TWSS: A Naive Bayes classifier that can identify double entendres.
This is an implementation of a simple double entendre classifier in Python.
This currently uses a Naive Bayes classifier (the NLTK implementation) as a Python package. This was inspired by the bvandenvos Ruby TWSS project and uses the same data corpus.
This was built on the eve of Barcamp Mumbai 8 and presented during a session there.
Suggestions welcome. Do file bugs. Fork away.
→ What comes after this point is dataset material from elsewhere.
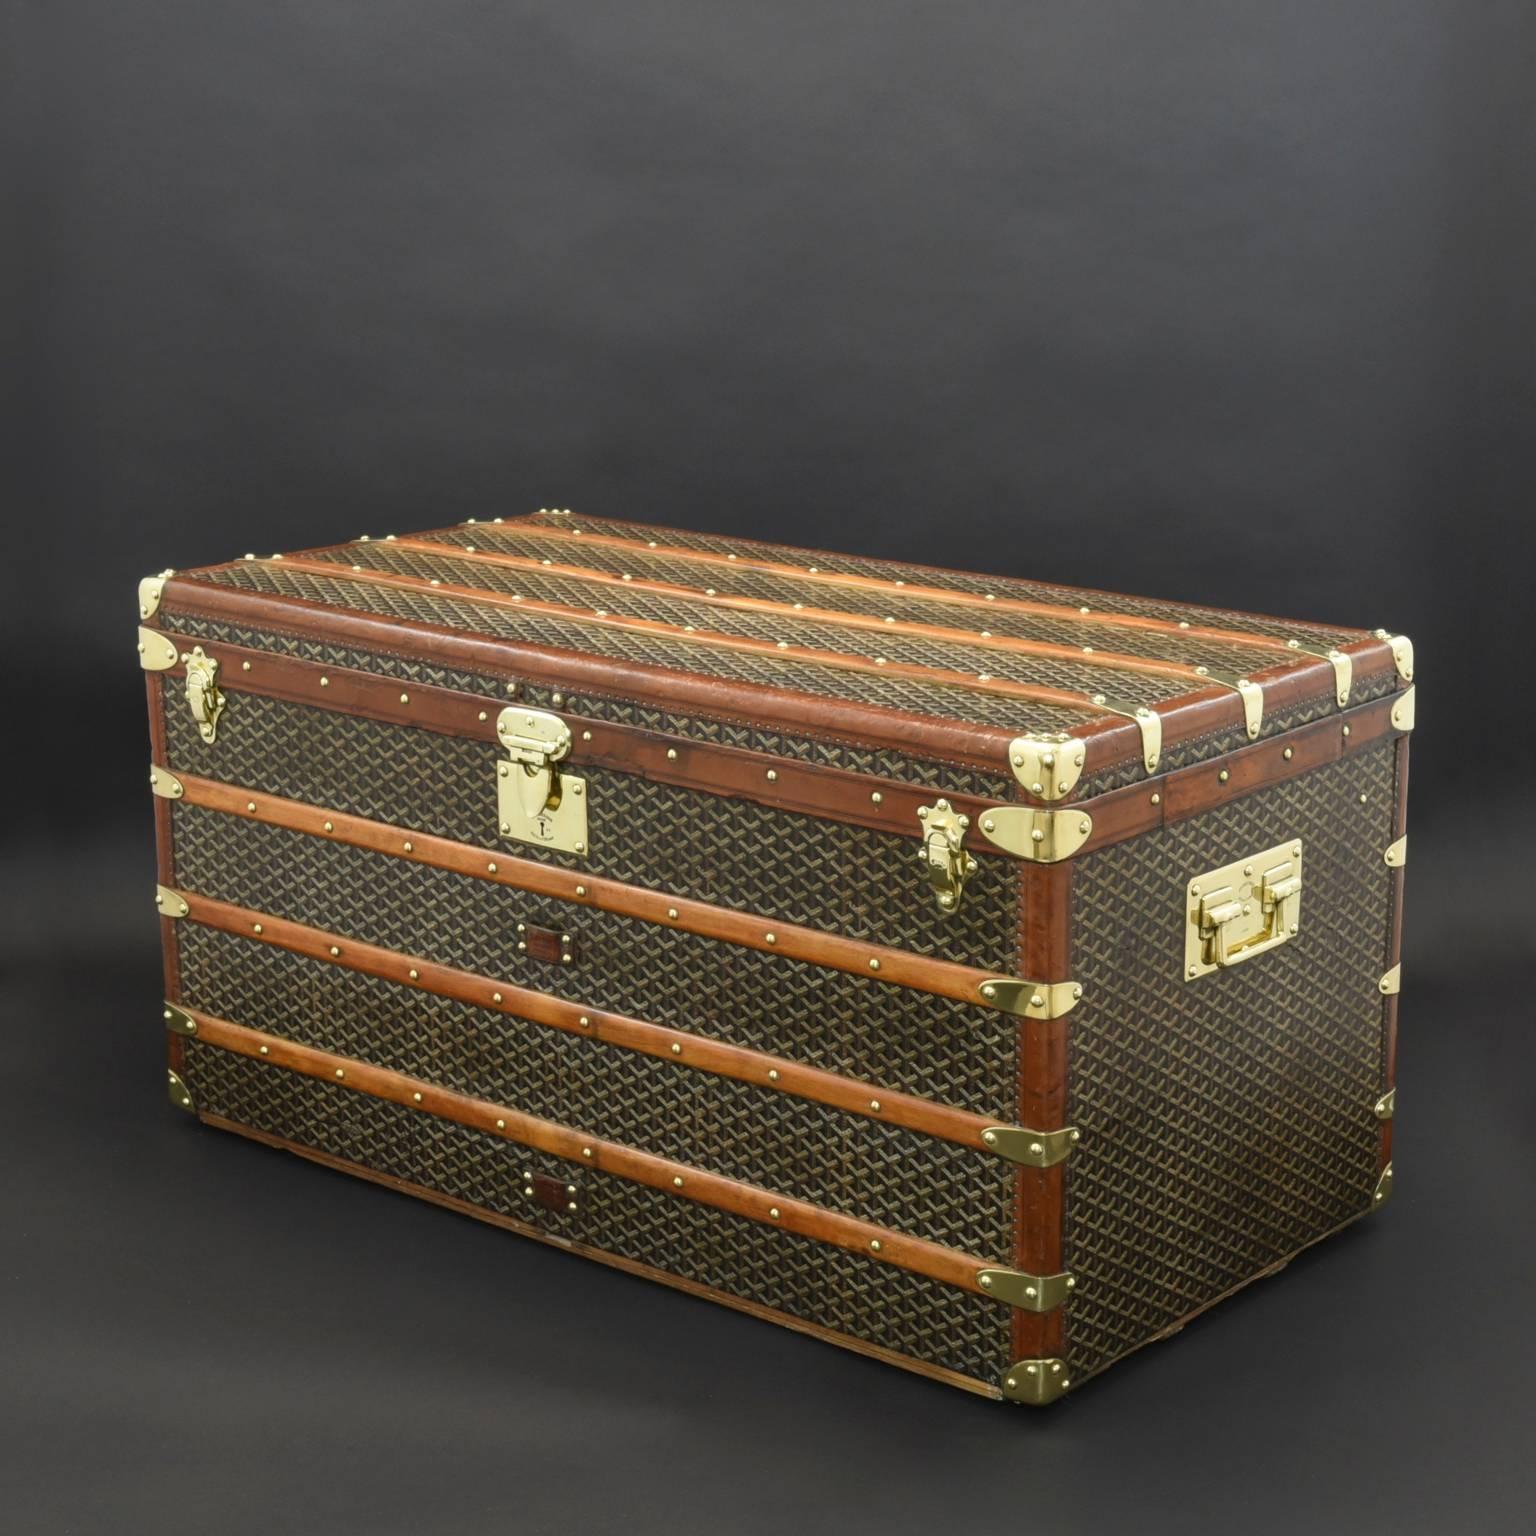 A splendid large size steamer trunk by Goyard with chevron pattern canvas covering, leather trim, and polished brass handles, lock & catches; circa 1909. The interior has been re-lined and some of the leather trim to the exterior repaired

Send us pull requests.
$ virtualenv --no-site-packages --distribute venv $ source venv/bin/activate $ pip install -r requirements.txt
This creates a virtual environment for this project and install all the packages necessary for the project to work.
Once this is installed, you can take it out for a spin:
>>> from twss import TWSS >>> twss = TWSS() >>> twss("That was hard") True >>> twss("Hello world") False
The first call can take a while- the module needs to train the classifier against the pre-installed training dataset.
You can supply your own training data using positive and negative corpus files:
>>> twss = TWSS(positive_corpus_file=open('foo.txt'), negative_corpus_file=open('bar.txt'))
or directly, as a list of tuples:
>>> training_data = [ ... ("Sentence 1", True), ... ("Sentence 2", False), ... ... ] >>> twss = TWSS(training_data)